次に、今回の東日本大震災津波により、いわゆる進学を断念せざるを得なかった生徒等についてでありますが、4月26日現在、各学校等の調査によりますと、4年制大学への進学を断念した生徒が5名、短大、専門学校等への進学を断念した生徒が20名いると報告を受けております。各学校におきましては、それぞれ財団法人学生支援機構や民間団体等による奨学金、こういったものを活用しながら、何とか所期の思いを実現させるべく個別に相談を行っていたところでございますが、学業費用の問題のみならず、家族全体の経済的見通し等を含めて考慮された結果、進路変更をせざるを得ない、こういった生徒が多かったものと報告を受けているところでございます。

〇30番(工藤大輔君)

各般にわたり丁寧な、また、前向きな答弁をいただきまして感謝いたします。

被災地において、また、県内において、いまだ緊急地震速報や余震が続いており、沿岸部では、次なる地震、津波がいつ襲ってくるか不安に駆られています。被災地では、避難を伝達する手段となる防災無線が壊されています。応急的な防災無線の確保等による連絡体制、衛星携帯電話をふやし、停電であっても県庁から市町村、広域振興局を結べる通信手段の確保が求められています。防潮堤が破壊されたことから、避難所、避難経路の見直し、避難所の高台への移転など、地域防災計画の内容の一部に早急な見直しも必要であります。

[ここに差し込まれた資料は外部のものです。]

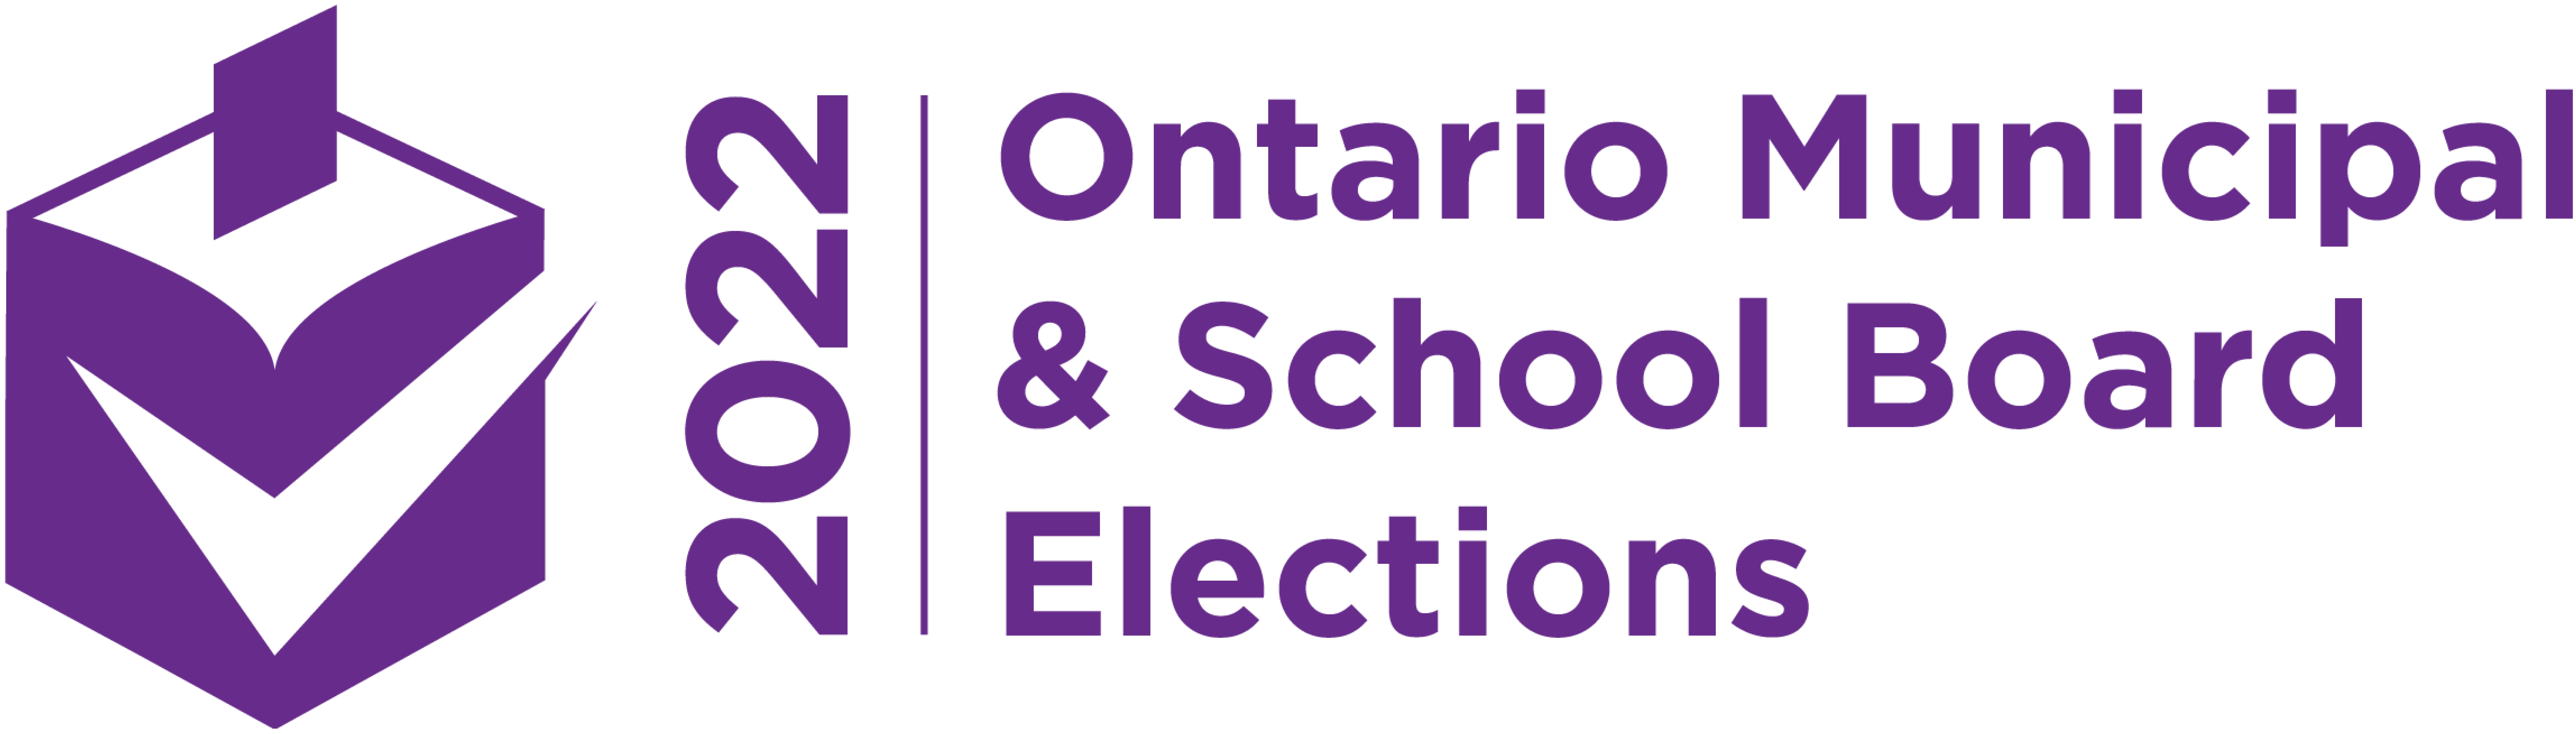 2022 Ontario Municipal & School Board Elections

水産業の中核となるつくり育てる漁業では、養殖施設や漁船の確保において大きな補助を入れての支援策でなければ、壊滅的な被害からの再生は難しいと感じています。市町村の行政機能や医療、福祉など、それぞれの現場の職員も被災住民であり、さらなるマンパワーの補充など対策を講ずるべき課題もあります。

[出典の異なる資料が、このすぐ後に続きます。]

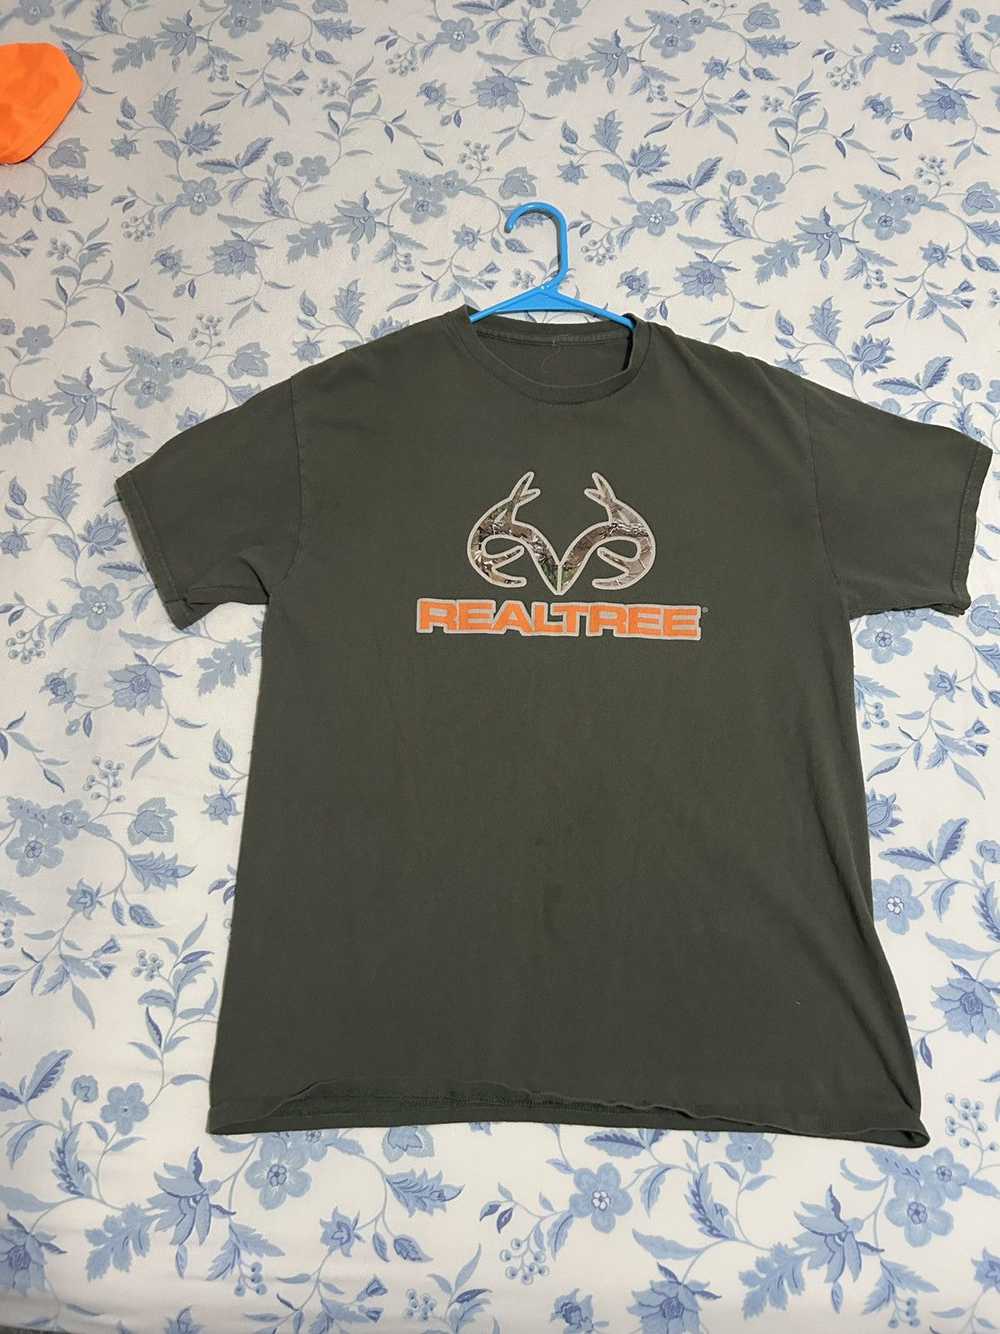 Realtree Realtree t-shirt - image 1

県財政の厳しさがありますが、災害発生に即応するために主要3基金では300億円ほど確保しており、国の制度や被災者の実態を見ながら有効に活用していただきたいと思いますし、先般設置した知事を本部長とする復興本部を中心に、副知事をトップとし、事務部門の中核となる復興局が、緊急的課題と中長期的課題をしっかり分けながら対策となる復興ビジョンを示し、時期を逸しないよう、機動性を持って取り組んでいただきたいというふうに思います。我々としましても、その取り組みを注視しながら、被災地の復興と生活の再建につながるよう、県行政のサポートをしてまいりたいというふうに思います。

以上を申し上げ、質疑といたしたいと思います。